You've noted yourself in an other comment that the arbitrary value may be 0, the compiler can make no assumption about what's inside x, so there's absolutely no way to optimise this away, whereas with a specified constant the compiler knows statically whether the test will or will not succeed.

TheLoneWolfling · on April 22, 2015

> The peephole optimiser will pretty certainly run first

That's what I'm trying to avoid though. The whole "pretty certainly" thing. The compiler will "pretty certainly" do not optimize this. The compiler will "pretty certainly" optimize that.

And then compiler versions change and people get bitten. Time and time again.

You're misinterpreting what I'm trying to say w.r.t. uninitialized variables here, or perhaps I'm just being idiotic at explaining myself.

In what I'm describing, the compiler can assume the value of x to be anything it wishes. It's just that, once the value is fixed, it must be fixed.

Think of it this way: the compiler may choose any initial value of any variable it chooses.

I'm proposing a language where a read from an uninitialized variable must be consistent with the uninitialized variable having been set to an arbitrary value (in range) before the first read from it. So compiling the static code {int x; return x;} into {return 0;} is perfectly allowed, as is compiling it into {return 42;}.

Dylan16807 · on April 23, 2015

>The peephole optimiser will pretty certainly run first and remove the whole expression though.

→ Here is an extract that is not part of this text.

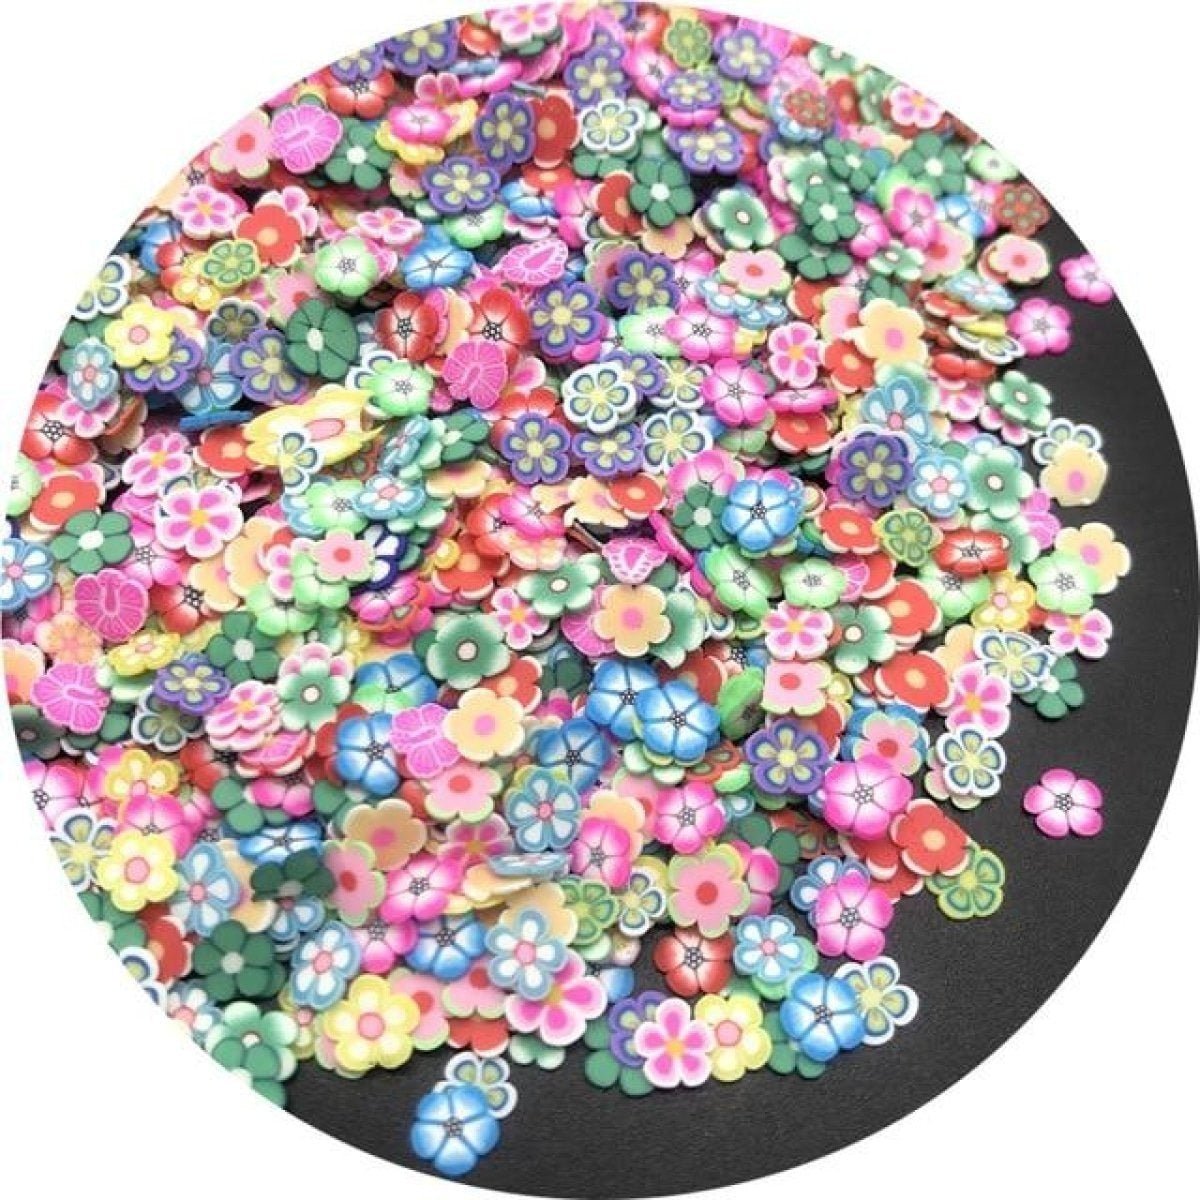 1000pcs 3-6mm Mixed Fruit Animal Clay Beads Decoration Crafts Scrapbook Nail Art - Flowers 2 - - Asia Sell

Which is pretty dangerous.

    RunCriticalCodeA();
    if (x) {
      y = 3;
      RunCriticalCodeB();
    } else {
      y = 4;
      RunCriticalCodeB();
    }
    OtherCriticalCodeC();

Fail to initialize x and suddenly all that code is replaced with a return. Even the part outside the if, even the part before the if. Compilers already exist that are this aggressive.

TheLoneWolfling · on April 23, 2015

Yep. Optimization by C compilers has gotten to the point of "your worst enemy is the compiler". (My favorite: I had UB in my debug function, but inside an ifdef debug block for speed purposes. So I was getting the most absurd magic errors, that only happened when I was trying to debug)

As I've said, I want reads from uninitialized variables to be at least consistent.

    if (x) {
        foo();
    } else {
        foo();
    }

should always run foo(). Ditto:

    foo();
    if (x)
        bar();
    baz();

should always run baz() (assuming everything before it is "normal" - not going to get into jumps or system exit here), should always run foo() if it runs baz(), and should always run foo().